前回の投稿で名称だけ出ました乾田直播(かんでんちょくは)。


長いので、『乾直(かんちょく)』と呼んでますが、今回はこの乾直についてのお話です。


乾直は水を張ってない、乾いた圃場に種籾を撒きます。その後発芽し、少し成長してから田んぼに水を入れる水稲手法です。


メリットとして、ビニールハウスで育苗する手間が省けます。

ということは、体力を使う苗箱への播種や、ビニールハウスでの苗箱並べがありません。ハウスの育苗スペースもカット。

さらには代かきや田植えも不要ですから、作業時間は色々と短縮できるし、楽になると思います。


そのため、柏染谷農場では毎年ある程度、乾直で稲を栽培しています。

今年は12町歩ほど乾直の予定でした。



3月には『キヒゲン』という消毒や雑菌感染予防、鳥に食べられないための効果が期待できる、赤い薬剤を種子にコーティング。

写真のように種は乾燥させ、その後は運び易いよう、袋に入れておきました。

後は圃場の耕耘とレベル作業を行い、播種に繋げるはずだったのです。


ところが今年の3月は雨が多く、田んぼに入れない日々が続きます。


乾直種蒔きのタイミングがずれることで、種蒔き後にブームスプレーヤーで行う防除が、小麦の防除と重なる心配が出てきました。


他にも、乾直播種後の『溝掘り』で使うトラクターが、代かきやロータリー等とスケジュール上被る懸念もあり、結果として、乾直面積を削減することになります。


楽な乾直が減るのは残念な一方で、田植えに切り替わるメリットもあります。

水管理をする私としては、代かきによる圃場の水保ち向上がとても嬉しい。乾直の圃場はとにかく水が抜けやすく、維持が大変なのです。

水の維持がし易い圃場は収穫量も増えるし、この点も嬉しいポイントです。


しかし少しでも乾直で種を蒔かないと、水稲作業全体の負担は増えてしまうので、出来る限りの乾直準備は進められました。

結果、昨年は3月9日に最初の乾直種蒔きをしたのですが、今年は4月20日にその日を迎えます。



トラクターに作業機『ドリルシーダー(Drill Seeder)』を装着。

実は昨年小麦の種蒔きにも使った同型が壊れたため、新品を導入です。


ドリルシーダーとは何だろう。いつもの通り気になって調べました。

『シーダー』は播種機、種蒔きの機械と分かりますが、ドリル?穴を掘る訳でもないですよね。


説明書を見ても分からずでしたが、Drillには『筋撒き機』や『(うね間に撒いた)種の列』などの意味がありました。筋撒きタイプの播種機ということで、機能通りの名称です。
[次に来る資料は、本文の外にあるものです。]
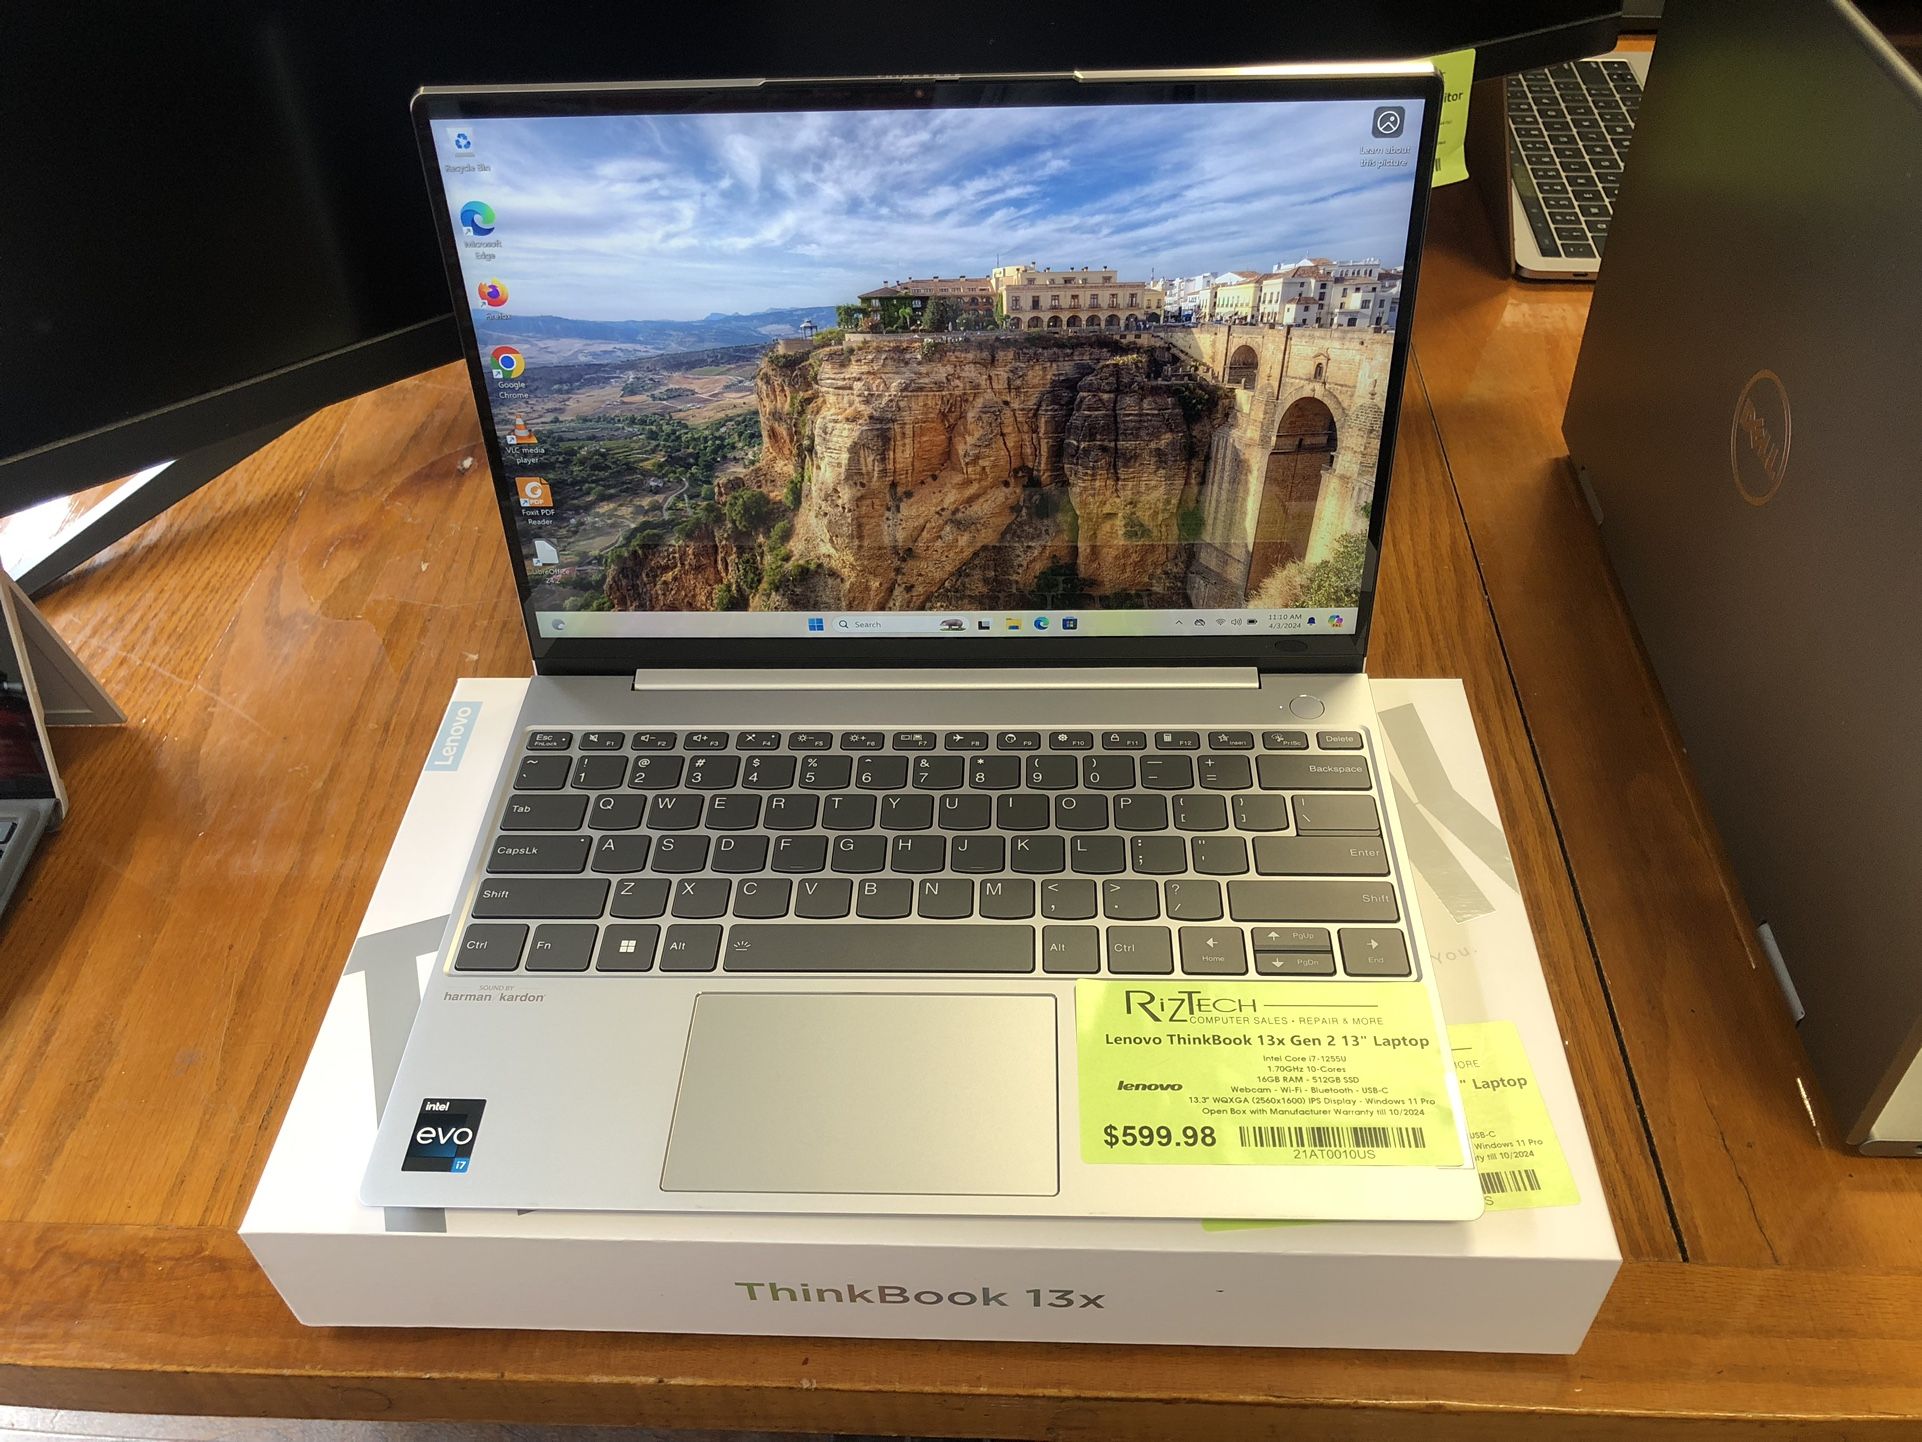 Lenovo ThinkBook 13x Gen 2 13" Laptop

このドリルシーダーは設定した量の種と肥料を適切な深さに撒き、覆土することができます。

2町歩の圃場もあっという間に撒き終えるだろうとの予測でした。



私は種や肥料を作業機に入れたり、これらがしっかり圃場に落ちていくかを確認するなどの役割で参加。上の写真は長期間に効果を発揮する、『一発肥料』です。



よーし、播種開始!さあ、どうでしょう。

…と、間も無く両外側の肥料管が2本ずつ詰まりました。


原因は管の長さと角度だろうと目星を付け、薬剤が通るプラ菅をハサミで切り、作業再開。

その後も詰まりが起こる度に管を調節し、何とか初回の播種は完了しました。

昨年より遅い播種ですが、その分暖かいので発芽も早そうです。


さらに乾直の面積を増やせるか?

天気の不安が残る中、大急ぎで1町8反の圃場をロータリー耕やレベル作業で整えて、4月29日に無事、乾直種蒔きが終わりました。

今年の乾直は、合計3町8反です。


天候の影響で当初の計画は変更となりましたが、ひとつの難関をクリアした気分。

残る田植えも無事に完了することを目指して、皆其々の作業を頑張っています。


それでは、今回はこの辺で。また!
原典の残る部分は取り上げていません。